In developing a theory of all relative prices or the quantitative relationships


between things and commodities, Marx essentially used Ricardo’s theory of
value. Commodities manifest in their prices certain quantitative relationships
and this means according to Marx that all commodities must contain one
element in common that must exist in certain measurable quantities. Marx
considered use value, or utility as common element but rejected this
possibility. He then turned to labour as the common element and concluded
that it is the amount of labour necessary to produce commodities that
governs their relative prices
Under the capitalist mode of production, workers are separated from the means
of production, gaining access to them by selling their labour power, workers are
free of legal constraints that push them to depose of their labour power in a
particular fashion, and the purpose of the employment of the worker becomes
the expansion of a unit of capital belonging to the employer, who is thus
functioning as a capitalist. Historically, most of the population in the world has
been self-employed or employed under legally constrained modes of production
(which still might imply self-employment), with a rapid change being observed
since the beginning of the 20th century.
This shift away from self-employment has occurred due to the worker’s
inability to earn a livelihood otherwise. The capitalist, controlling a unit of
capital is able to convert some of it as wages in order to produce a product with
the ultimate goal of increasing his own stock of capital. Thus clearly, in the
capitalist system, the labour process is dominated by the urge to accumulate
capital.
In exercising their labour power under the control of the capitalist, the wage-
labourers turn raw materials into commodities and, in this way, they add extra
value to those raw materials; as Marx puts it, the wage-labourer ‘gives to the
accumulated labour a greater value than it previously possessed.’ If the
capitalists sell the commodity at a price which exceeds the cost of its
production, they get back, not only the value of the raw materials and labour
power consumed, and the depreciation of the instruments of labour, but also a
profit. In this way, capitalists increase the amount of capital at their disposal. By
contrast, all the wage-labourers can do is to consume the means of subsistence
that they receive from the capitalist. They must do this if they are to survive; but
they must also replace the commodities which they have consumed by working
for the capitalist once again.
It means that the relationship between the capitalist and wage labourers are
dependent. the capitalist cannot make profit unless there is a class of people
who are ready to sell their labour power and the workers cannot maintain their
livelihood unless there are people who are willing to buy their labour power in
exchange for subsistence.
In the words of Marx:

Capital therefore presupposes wage-labour; wage-labour presupposes capital.

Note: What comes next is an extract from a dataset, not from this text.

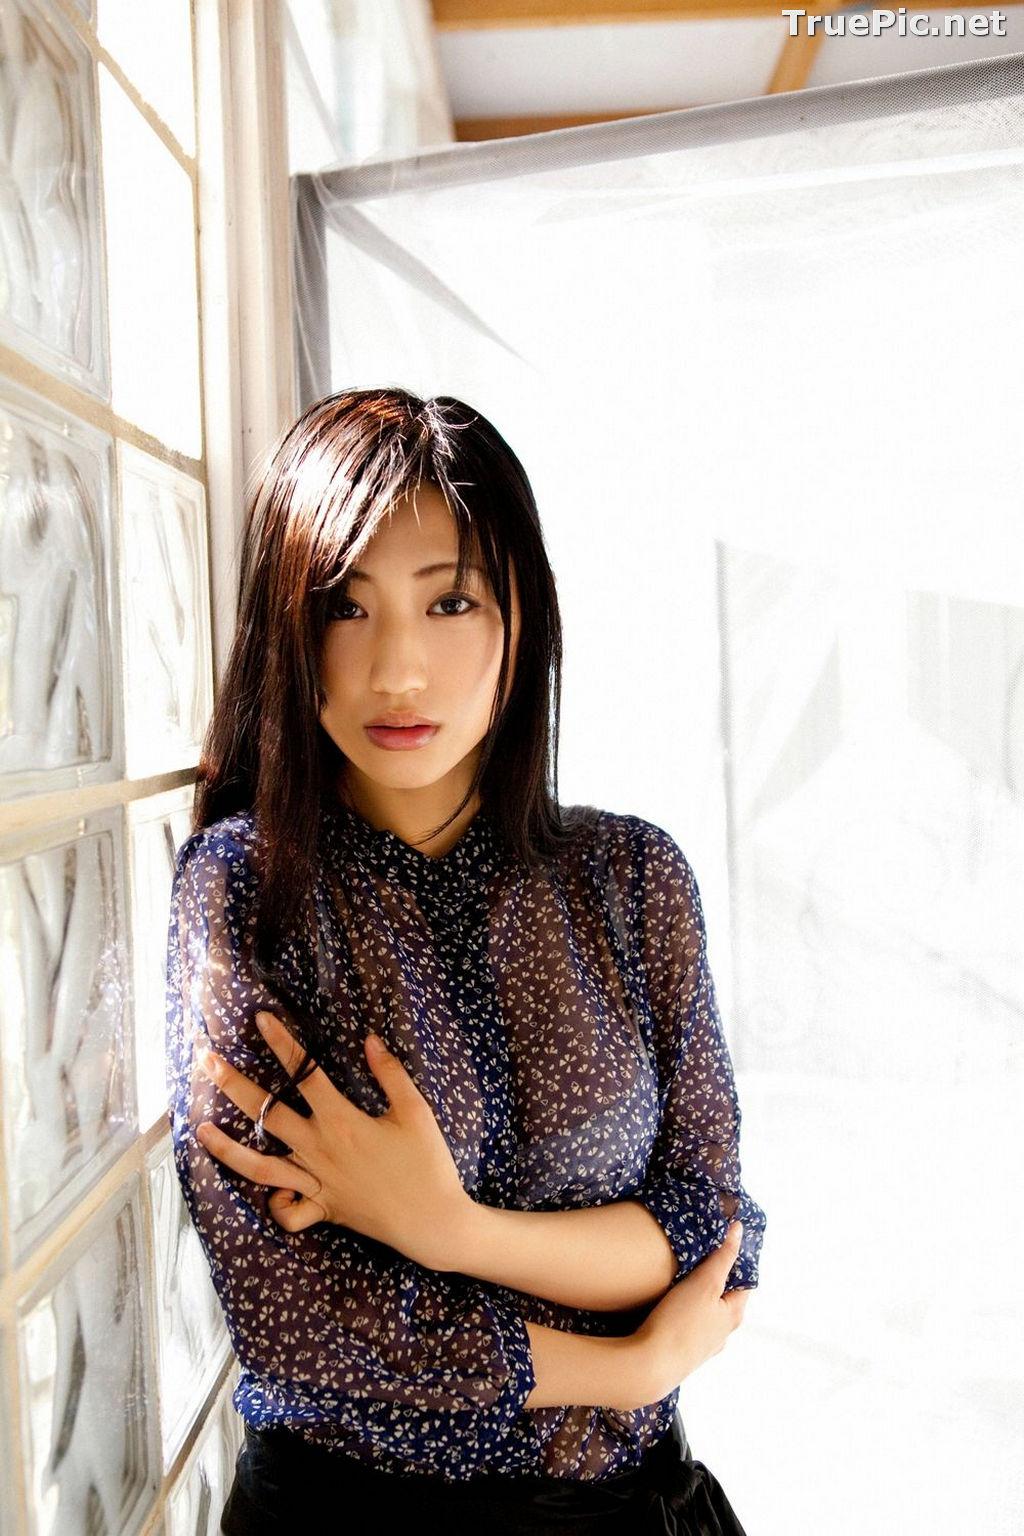 Image [YS Web] Vol.525 - Japanese Actress and Gravure Idol - Mitsu Dan - TruePic.net - Picture-1

They condition each other; each brings the other into existence.

The existential interdependence of capitalist and wage-labourer, Marx tells us,


is the basis for the claim, which bourgeois economists make, that the material
interests of capitalists and wage-labourers are the same. However, bourgeois
economists overlook the fact that it is the capitalists, not the wage-labourers,
who enrich themselves, when they exploit labour power, and that, because
wage-labourers have been deprived of ownership of the means of production,
they do not own, and therefore do not control, the wealth that they produce.